You can also download other models such as `llama3.2:8b` (if your machine supports)

| Model | Command |
| --- | --- |
| llama 3.2:1b | `ollama pull llama3.2:1b` |
| llama 3.2:3b | `ollama pull llama3.2:3b` |
| llama 3.2:8b | `ollama pull llama3.2:8b` |

In [None]:
import ollama
import os
import sys
from pprint import pprint
from mcp import ClientSession, StdioServerParameters
from mcp.client.stdio import stdio_client

In [None]:
LARGE_MODEL='llama3.2:3b' # or llama3.2:1b for faster but less accurate results
SMALL_MODEL='llama3.2:1b' # or llama3.2:3b for better but slower results

We have a folder `mcp_servers`, inside this folder we have our mcp tool written under different python scripts. These scripts are also called servers in some cases (when these are running on a remote server waiting for a client connection). Because MCP tools can be used as plug and play unlike agents, these scripts can run on remote servers

First, we have a very simple mcp tool which is a tool to add two numbers under the script `the_math_server.py`.
We will use this tool first just to understand how the mcp works with an LLM (in this case llama3.2)


In [None]:
# Configuration for an MCP Server (Example: a local python script)
# If you don't have one, you can use a simple 'hello-world' MCP server script

MCP_SERVER_PATH = os.path.abspath("./mcp_servers/the_math_server.py")


In [None]:
async def run_mcp_query(mcp_server_path, user_prompt, model):
    server_params = StdioServerParameters(
        command="python",
        args=[mcp_server_path],
    )
    async with stdio_client(server_params) as (read, write):
        async with ClientSession(read, write) as session:
            # 1. Initialize session
            await session.initialize()
            
            # 2. List available tools from the MCP server
            tools = await session.list_tools()
            
            # 3. Ask Ollama to decide which tool to use
            # Note: We format the MCP tools into Ollama's tool format
            ollama_tools = [
                {
                    "type": "function",
                    "function": {
                        "name": t.name,
                        "description": t.description,
                        "parameters": t.inputSchema,
                    },
                }
                for t in tools.tools
            ]

            response = ollama.chat(
                model=model,
                messages=[{'role': 'user', 'content': user_prompt}],
                tools=ollama_tools,
            )

            # 4. Handle Tool Calls
            if response.get('message', {}).get('tool_calls'):
                for tool_call in response['message']['tool_calls']:
                    tool_name = tool_call['function']['name']
                    tool_args = tool_call['function']['arguments']
                    
                    print(f"üõ†Ô∏è Calling tool: {tool_name} with {tool_args}")
                    
                    # Execute tool via MCP
                    result = await session.call_tool(tool_name, tool_args)
                    print(f"‚úÖ Tool Result: {result.content}")
                    
                    # Final response from LLM
                    final_response = ollama.chat(
                        model=model,
                        messages=[
                            {'role': 'user', 'content': user_prompt},
                            response['message'],
                            {'role': 'tool', 'content': str(result.content), 'name': tool_name}
                        ]
                    )
                    return final_response['message']['content']
            
            return response['message']['content']


### Code Explanation

`async def run_mcp_query(user_prompt, MODEL):` 
- The word async (asynchronous) just means your computer won't freeze up while it waits for the process to finish. It can go do other chores, like a person putting a phone on speaker while waiting on hold.
- The Layman Translation: "I am preparing to ask my assistant a question (the user_prompt), and I'm willing to wait patiently for the answer."

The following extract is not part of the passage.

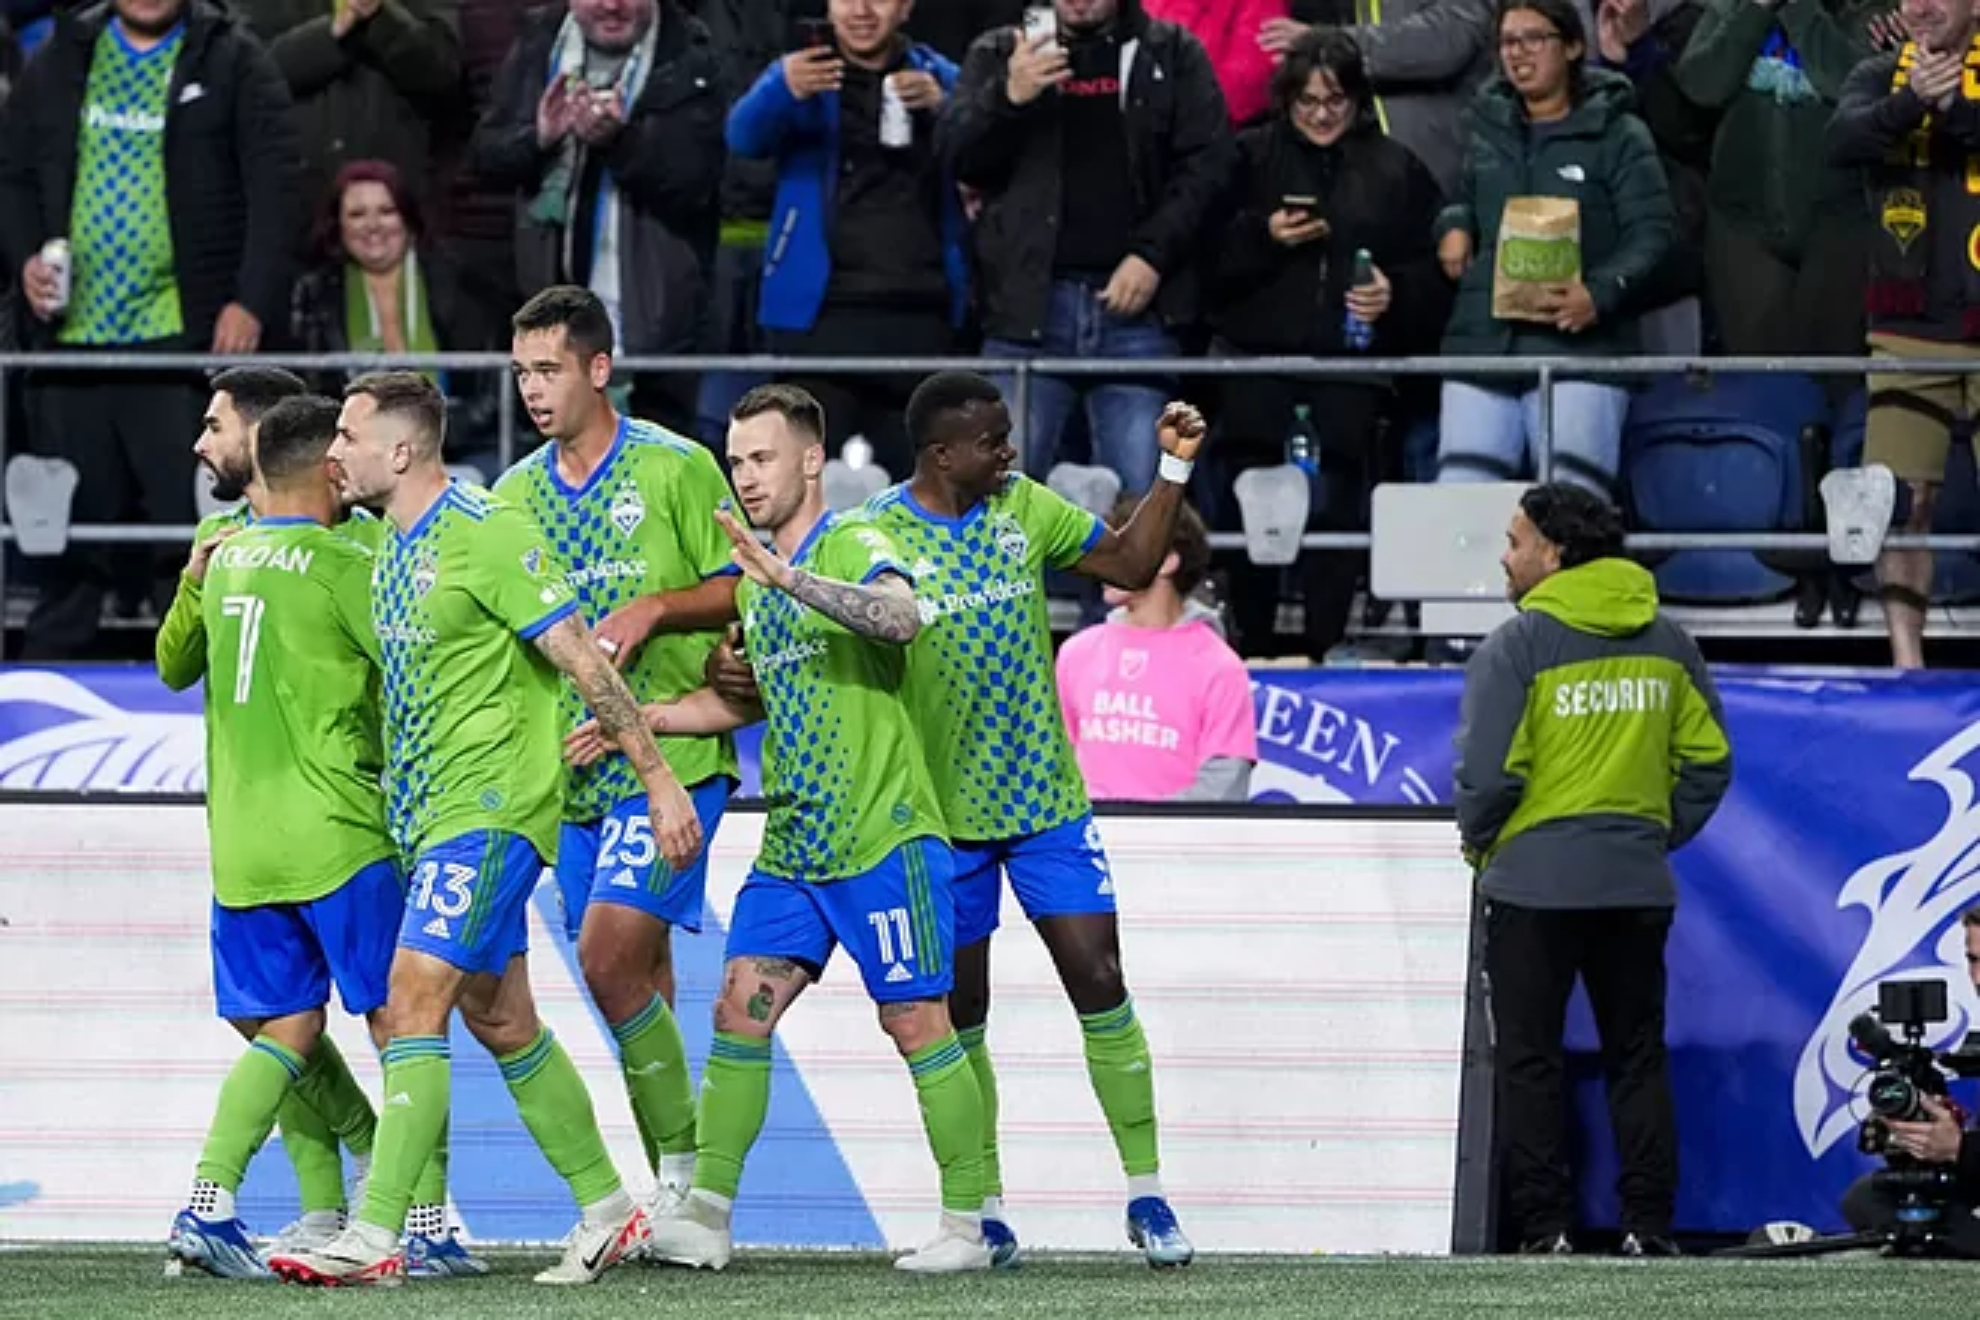 Seattle Sounders to face LAFC in MLS West Semifinals after home victory against FC Dallas

`async with stdio_client(server_params) as (read, write):`
- This step builds the actual physical/digital pipe between your main program and the hidden tool server. The server_params are like the phone number or the address of the office.
- The Layman Translation: "I am plugging a secure phone line directly into the assistant's office. I have an earpiece to listen (read) and a microphone to speak (write)."

`async with ClientSession(read, write) as session:`
- Just having a wire isn't enough; the computers need rules on how to format their messages. A ClientSession wraps the raw wire in a polite protocol (like agreeing to say "Over" when you finish speaking on a walkie-talkie).
- The Layman Translation: "Now that the wire is connected, we are agreeing to speak the same language so we don't talk over each other."

`await session.initialize()`
- Before you can ask your actual question or ask the server to run tools, you have to do a digital handshake. This proves the server is awake, functioning, and ready to accept commands.
- The Layman Translation: "I am saying 'Hello, are you there and ready to work?' and I will wait (await) until you say 'Yes, I am ready!'"

Let us now try to use our MCP tool

In [None]:
query = "What is 5 + 5?"

In [None]:
result = await run_mcp_query(MCP_SERVER_PATH,query, SMALL_MODEL)
print(f"LLM Final Response: {result}")

You will see above that the `SMALL_MODEL` fails to give the answer to a very simple question. Though the process successfully uses the `Math` MCP tool and the result was also calculated correctly as can be seen in the 2nd line of the output under `text='10'`.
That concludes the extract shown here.